As shown in Fig. 4 there is no correlation between age of diabetic patients and s-TIC (r = 0.01429; p = 0.8650).
Discussion
The term nonenzymatic glycosylation represents the interaction of glucose with specific free amino groups in proteins under mild physiological conditions not catalyzed by specific enzymes. Poor short-term glycemic control was associated with higher elastase concentration in plasma and neutrophils and measurements of plasma polymorphonuclear neutrophil elastase level can be considered as a marker of development of diabetic angiopathy (Piwowar et al., 2000). It has been reported that the concentration of α1 antitrypsin have increase in diabetic patients (Ganrot et al., 1967), but the serum trypsin inhibitory capacity was decrease in diabetic patients (Phadke et al., 1998). The trypsin inhibitory capacity of α2 macroglubulin has been reported to be decreased in condition of diabetes mellitus (Roberts et al., 1986). Decrease in cardiac contractility is a hallmark of chronic diabetes advanced glycation end products (AGEs) are formed on intracellular ryanodine receptor calcium-release channel (RyR2) during diabetes (Bidasee et al., 2003). Nonenzymatic glycosylation of plasma proteins may contribute to the excess risk of developing atherosclerosis in patients with diabetes mellitus (Duell et al., 1990).

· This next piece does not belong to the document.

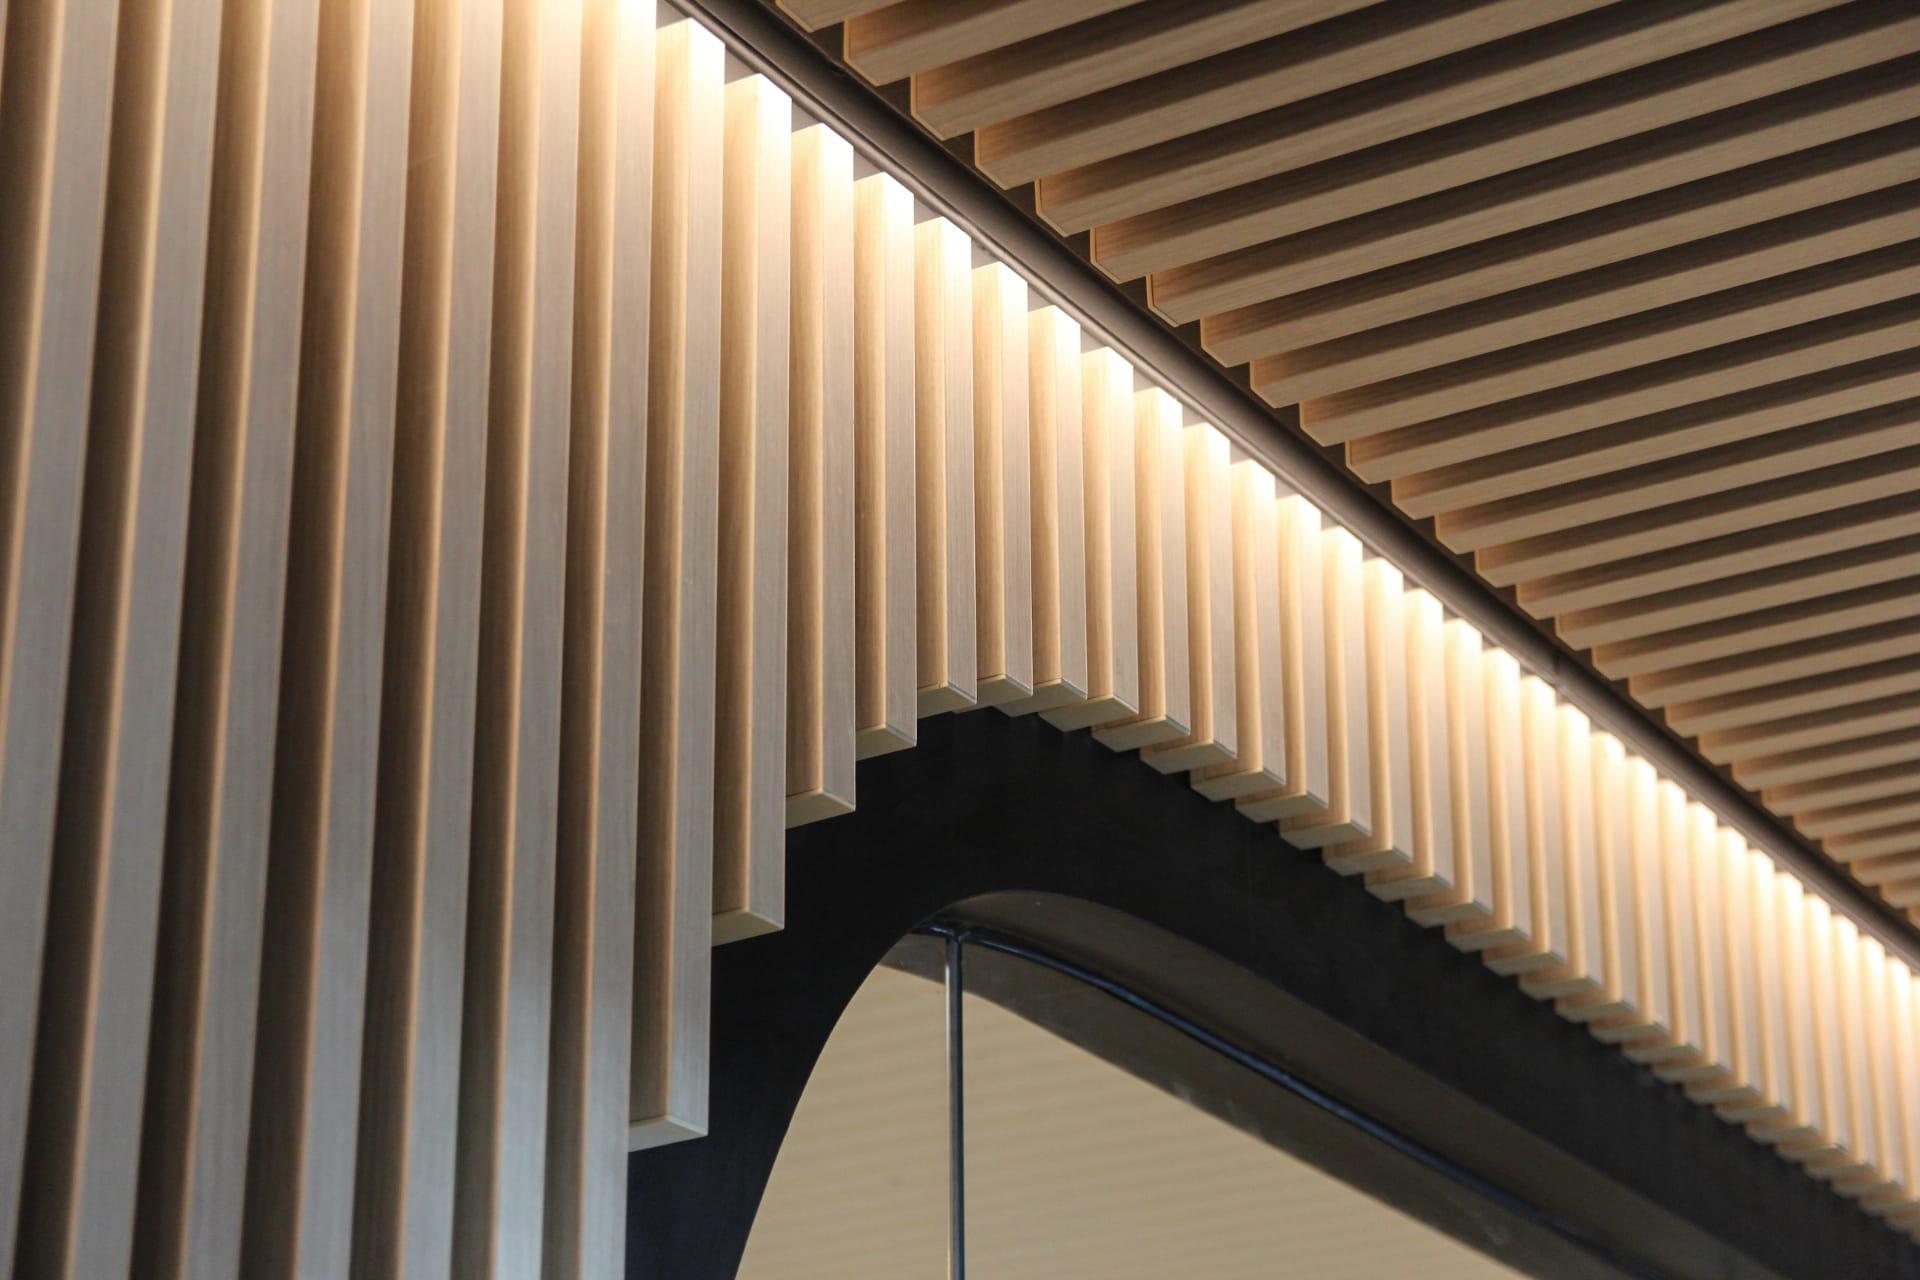 883 Collins St Multi-residential Pool Amenities - Melbourne VIC Ever Art Wood® battens - Kabebari 30x50 in Supuringu Oku

Human plasma contains inhibitors, which control the activity of proteolytic enzymes. Alpha-1-proteinase inhibitor (α1 antitrypsin) and α2 macroglobulin are two of them present in high concentration in human plasma, which inhibit action of trypsin among other proteinases (Phadke et al., 1998). In the present study we investigated possible alterations in serum trypsin inhibitory capacity in diabetic patients. We found that the serum trypsin inhibitory capacity (s-TIC) of plasma decreases in diabetes patients. The mechanism of decrease in TIC is due to nonenzymatic glycosylation of α1 antitrypsin. The most probable amino acid undergoing glycosylation is Lysine which has free amino group when present in a polypeptite chain. Importance of lysyl residues for the physiological function of α1 antitrypsin was reported in studies when α1 antitrypsin was treated with maleic anhydride or acetic anhydride which react with lysyl residues specifically (Travis and Salvesen, 1983). If proteinase inhibitors like α1 antitrypsin alter their normal function, limiting of unwanted proteolysis and prevention of tissue damage cannot be achieved properly. Glycosylation of proteinase inhibitors to decrease their function may partly explain some of the complications of diabetes involving eyes, kidneys and other organs that cannot be prevented by meticulous control of glycaemia (Phadke et al., 1998).
In conclusion, present results showed that in uncontrolled diabetic patients, glycosylation of α1 antitrypsin reduce trypsin inhibitory capacity.